蓦然睁眼,眼里一片清明,带着掩不住的倦意。
他知道在这个状态下,晚上是没办法入眠的。
正如刚回国的那几天的状态一样。
而除此之外,更多是觉得愕然。
苏稚棠不在身边对他的影响比他所以为的还大。
房子空旷了很多,总觉得好像少了什么。居家工作的时候下意识地想要往旁边摸摸,却发现身边空了一片。

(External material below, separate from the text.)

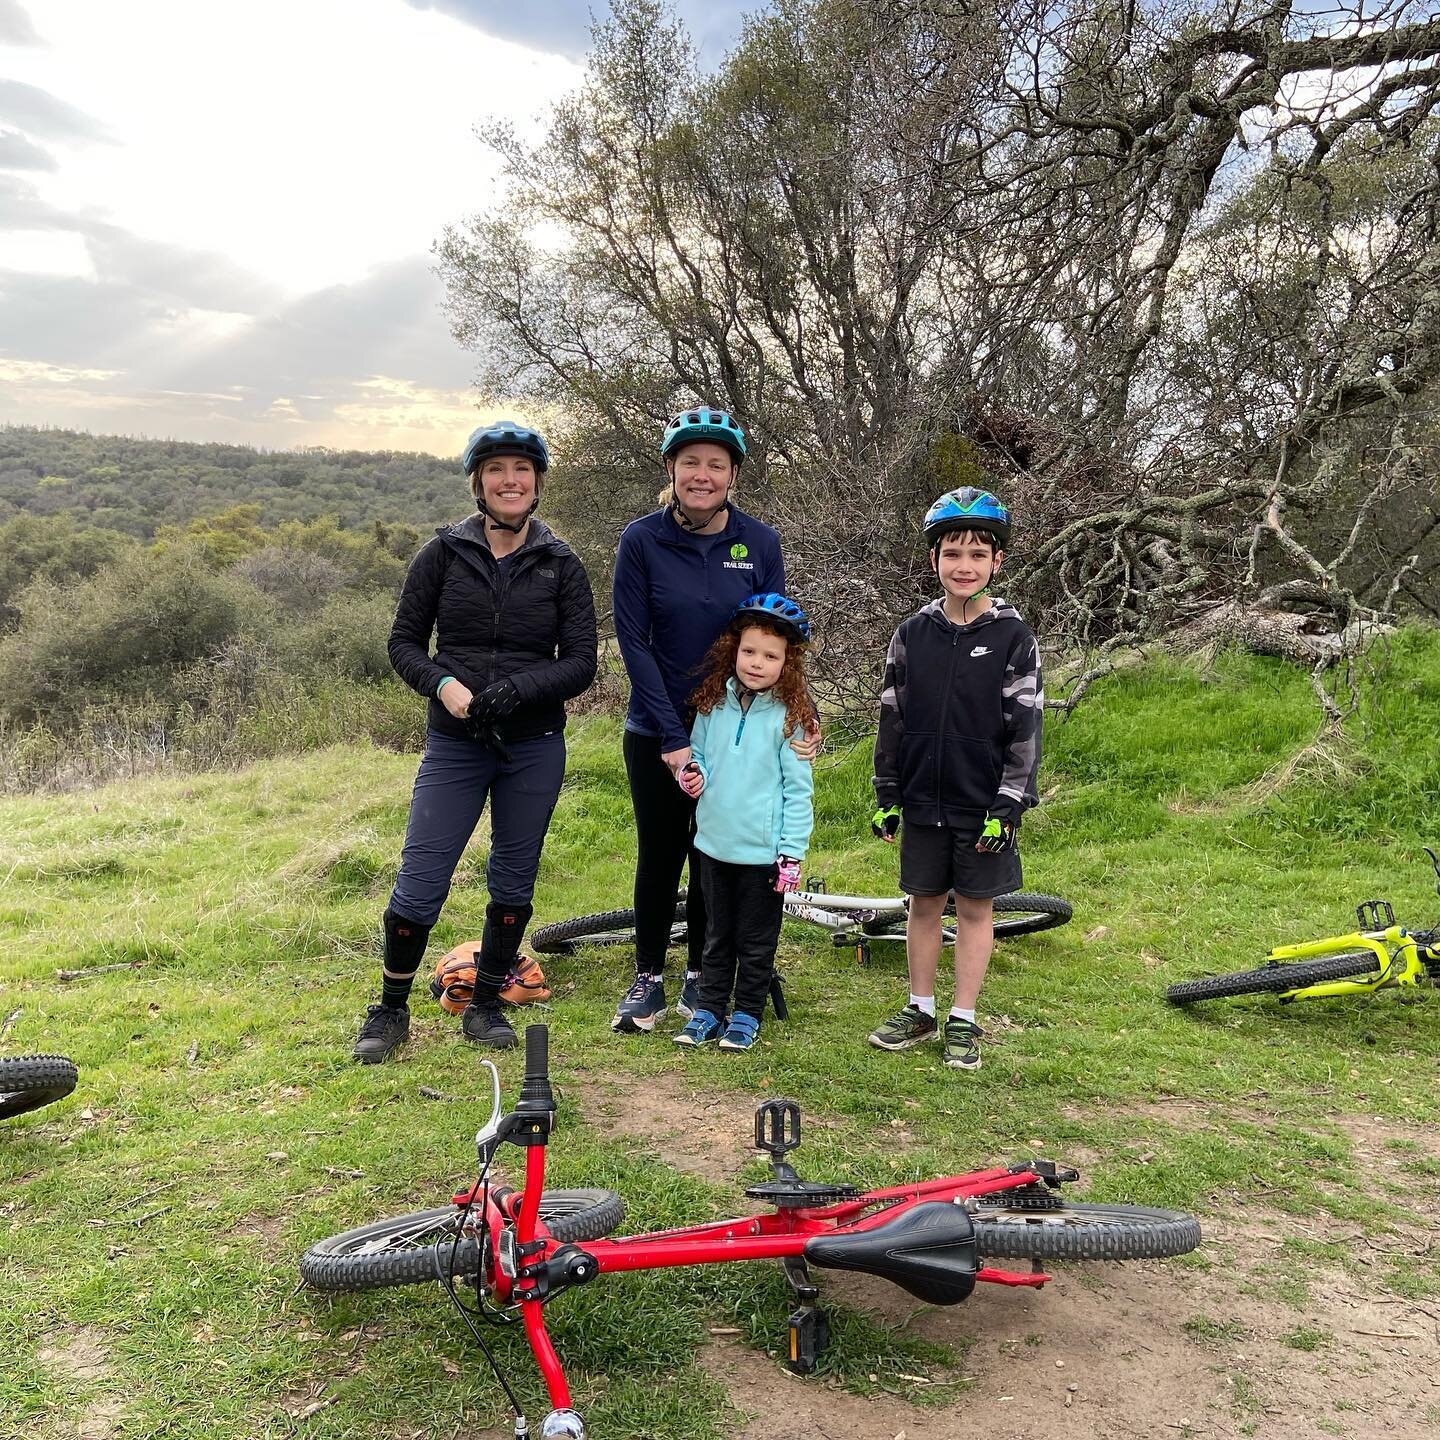 A beautiful evening to give private lessons to these awesome three!! I&rsquo;m putting money on the little one becoming the next Rachel Atherton! She was 🔥 #mtbgirl #mtbskills #mtbkids #morekidsonbikes #nextrachelatherton #ridebikesbehappy

甚至连那抹总是萦绕在身边的,让人心旷神怡的浅淡花香也一并消失了个干净。
白砚疏觉得自己就像一个得不到满足的瘾君子。
他抬手在突突跳着的额角处按了按,心知这样的状态显然不对。也让私人医生来检查过。
他的身体没有任何问题。
这就奇怪了……
白砚疏沉了沉气息,眼眸愈发暗沉。
怎么就离不得了呢。
他断了思绪,打开手机看着管家发过来的小乖的视频。
小家伙性格虽然难驯,但不得不说,它是他见过的最机灵的动物了。
或许是知道越闹腾,就越不能被他带在身边,最近安分了不少。
就是不知道这一向狡猾的动物,是真的安分了,还是故意装给他们看的。
白砚疏的指尖在手机的边缘轻轻摩挲。
那只茶色白金狐在自己的小窝里,安安分分地将身子窝成一圈狐狸贝果。
眼睛闭上的时候眼尾向上扬着。真像苏稚棠百无聊赖地陪在他身边蜷缩着身子昏昏欲睡的样子。
意识到自己又不可避免地在想她了,沉默了片刻。
黑暗中传来了一声不轻不重的叹息,转而看向和苏稚棠的聊天框,除了他问的那句‘到酒店了吗?’之外,空空如也。
连带着他心也空落落的。
轻轻啧了一声,眉头微拧。
小没良心的……就这么一会儿心就野了。
是不是再过几天就干脆忘记家里还有个他了?
白砚疏颇有被放生之感,心中说不出来的气闷。
觉得还是得把人放在眼皮子底下养着。
他面上的冷意渐显,正准备关上手机,就看见和艾勒尔聊天框里出现了一张照片。
他眼里已经没了温度,这会儿这家伙正是撞在了枪口上,打算拿他泄愤呢,就被照片里的内容吸引。
是一张他拍视角下的实况照片。
画面的中心正是自己心里头还念着的小姑娘。
画面有些糊也有些暗,似乎是在包厢之类的地方,背景音有些嘈杂。
而她在这昏暗的环境里白得明显,很轻易就能将人的注意吸引了去。
她孤零零地一个人坐着,眼皮轻垂,长长而直的睫毛像一片小刷子。
白砚疏还记得那触感多细多软。
纤细的手捧着一个小酒杯,养出来的一点点脸颊肉微鼓,正小心翼翼地嘬着杯中的液体。
仅仅是小鸡啄米似地碰了一口,似乎是觉得不太好喝,便轻轻蹙起了眉。
那细微的小神态动人极了。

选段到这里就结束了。